Thursday, July 4, 2013

Property liens for sidewalks damaged by street trees


From Bayside Patch:

State Sen. Tony Avella, D-Bayside, joined Little Neck residents on Thursday to protest the city’s policy of placing a non-monetary lien on several local properties that had received sidewalk violations for damages for which they were not responsible.

Several Little Neck residents were handed violations a few months ago that they felt were unfair since the majority of the damages are small cracks that are in line with cracks on the streets and uplifts caused by city tree roots.

While the residents are not personally responsible for any of the damages, a non-monetary lien will still be placed on any property with a sidewalk violation, which will come up on a title search of that property, Avella said.

The lien is removed once the condition is corrected either by the city or the homeowner. But if the homeowner is selling the property, they would likely have to put extra money in escrow prior to the closing to compensate the buyer for any potential repair cost for an outstanding violation.

“What the city is doing here is simply unacceptable,” Avella said. “Most of the small deficiencies in these sidewalks are being caused by city property, whether it is a city tree or street. Yet the city feels the need to not only sock these homeowners with violations, but to also place a non-monetary lien on their property.”
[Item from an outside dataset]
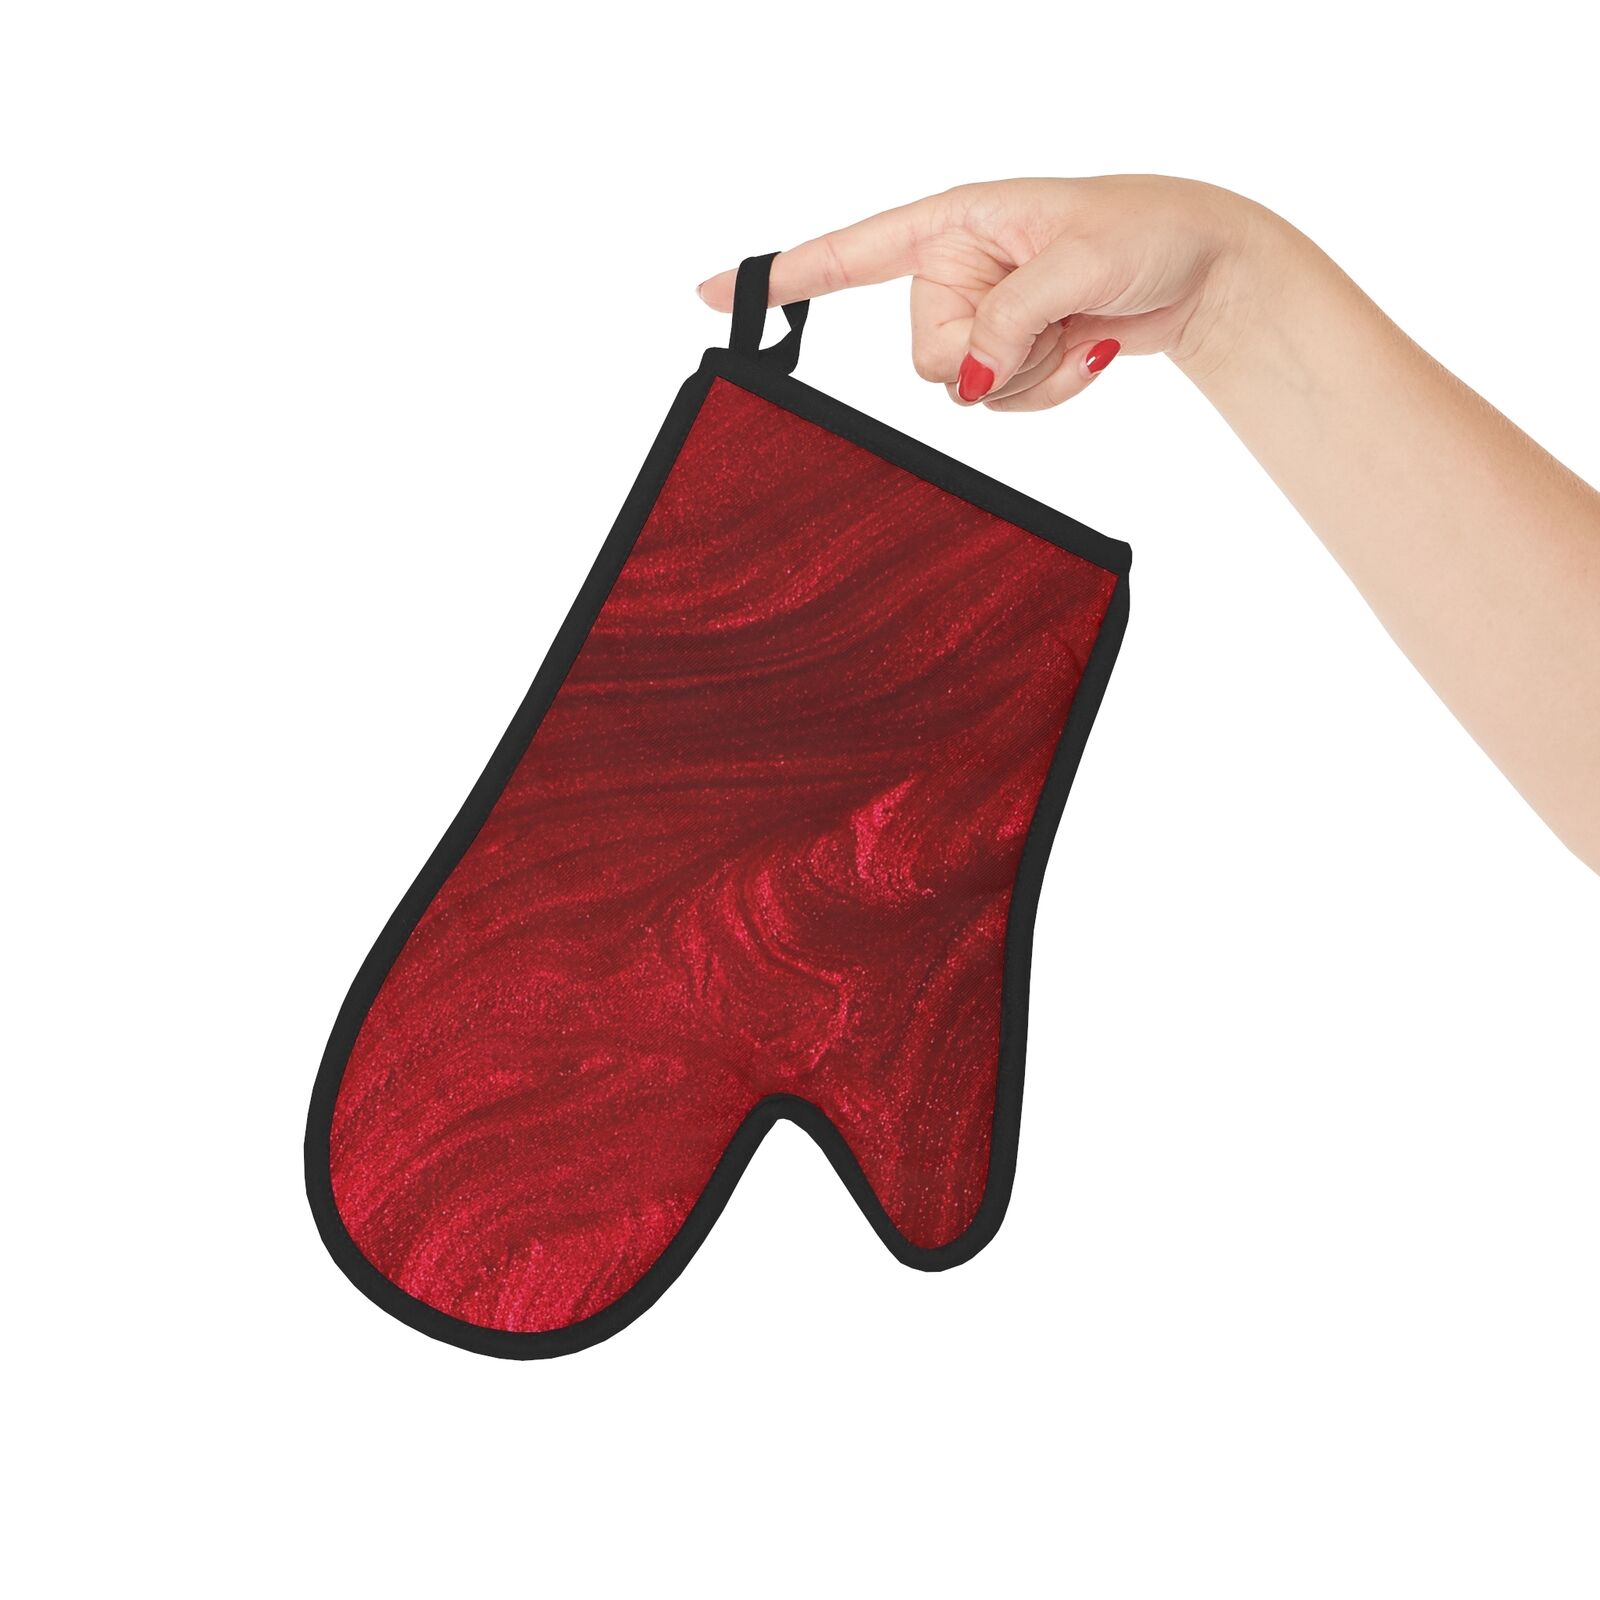 High quality Fashionable and durable Oven Glove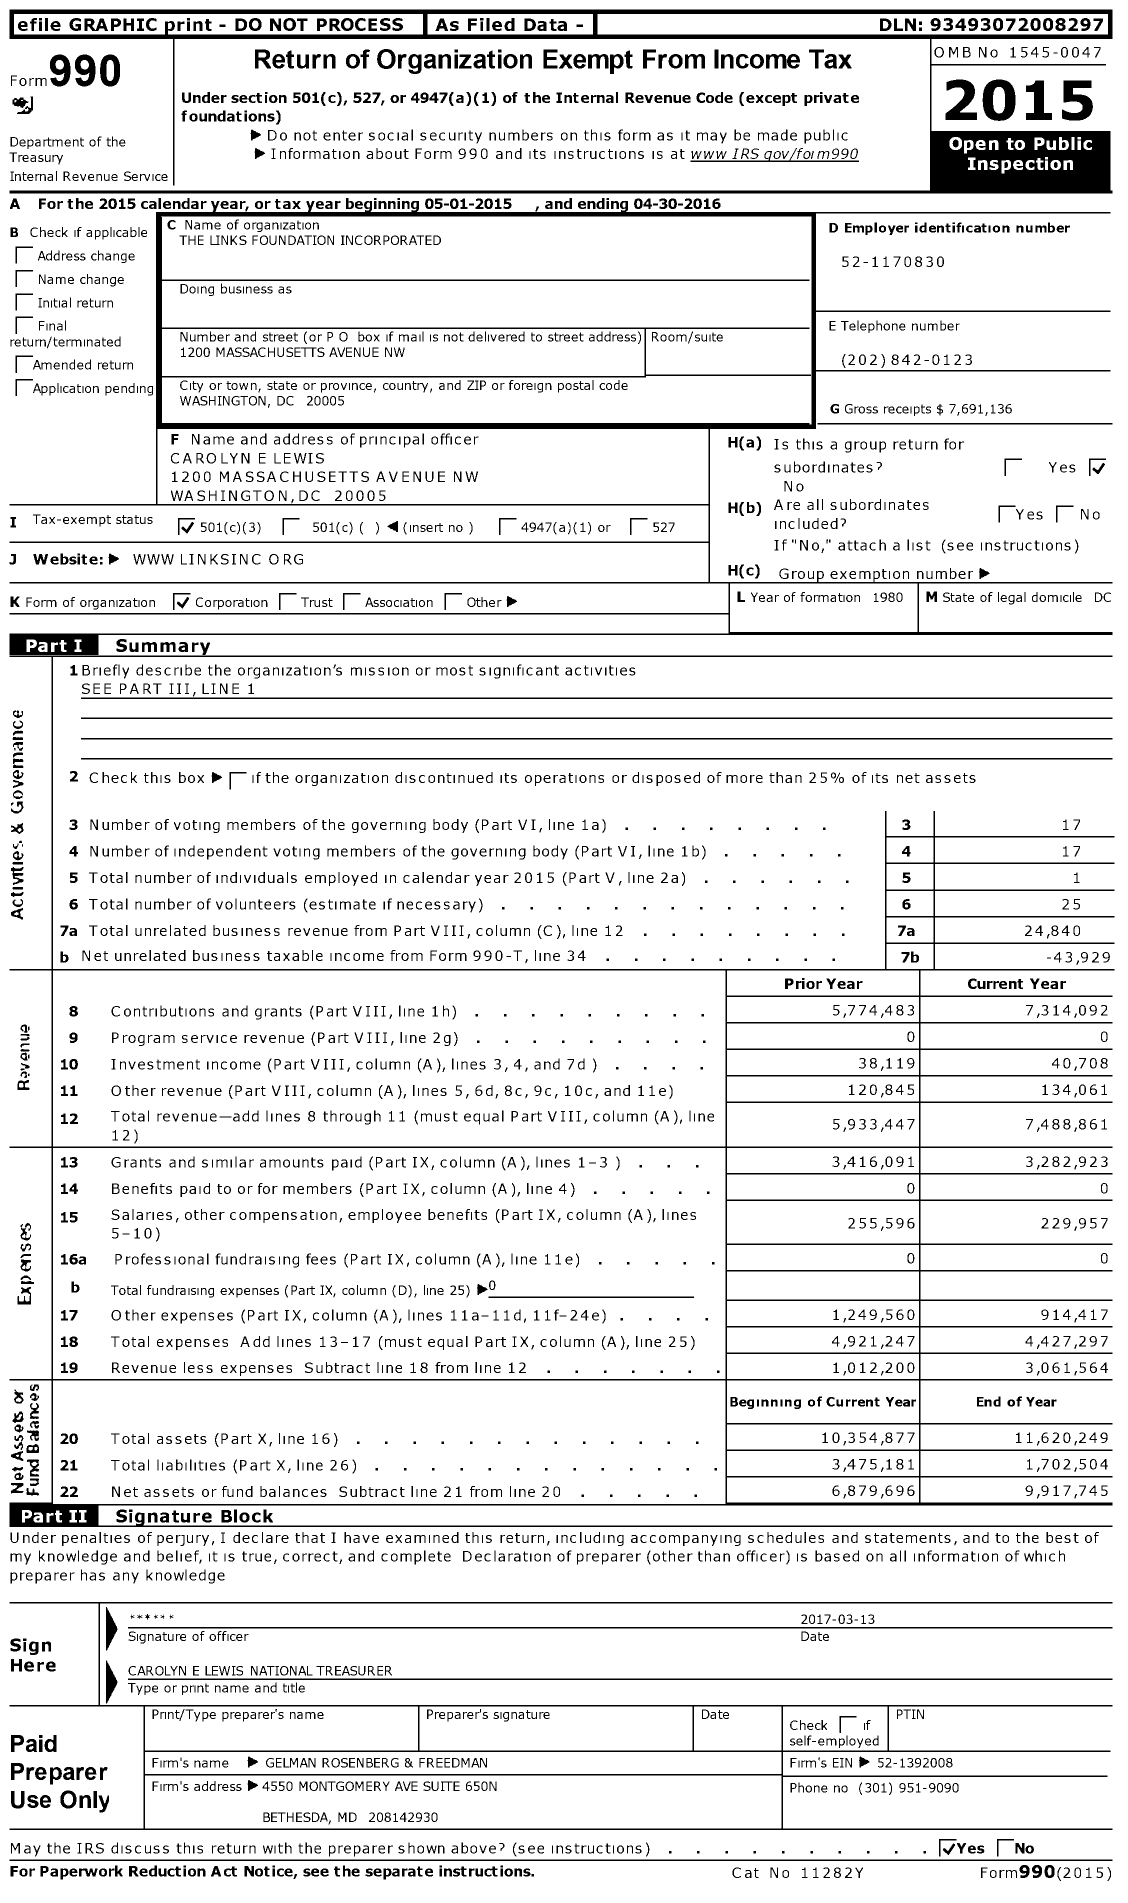 Image of first page of 2015 Form 990 for The Links Foundation Incorporated

Avella said the rule seemed like an attempt by the city to skirt its responsibilities by pressuring homeowners into repairing the sidewalk, even though they are not responsible for the damages.

4 comments:

Anonymous said...

This is the almost complete opposite of what's happening in my area, North Flushing. The city may issue non~monetary violation for missing or badly damaged sidewalks and never follow and follow~up on there rules of after 30 days its not corrected by property owner city hitres a contractor to correct it and then bill the owner. Also, the Dept of Bldgs does not seem to do anything about illegal curb cuts, etc. So what's the point of these laws?

Anonymous said...

So what's the point of these laws?

Plenty.

Photo ops and a short memory by the public and ice cream money to serve coffee at your civic meetings to secure your vote.

Next question.

Anonymous said...

Trees over time rip up the sidewalk and it should be the city that should pay. I can't even get 311 to trim this overgrown tree we which had a limb fall onto my property. Few more feet and it would of smashed through the windows. City came by and did a minor trim after months passed.

Anonymous said...

The City planted these trees and make it expensive for the homeowners to resolve these matters. It's cynical and lucrative.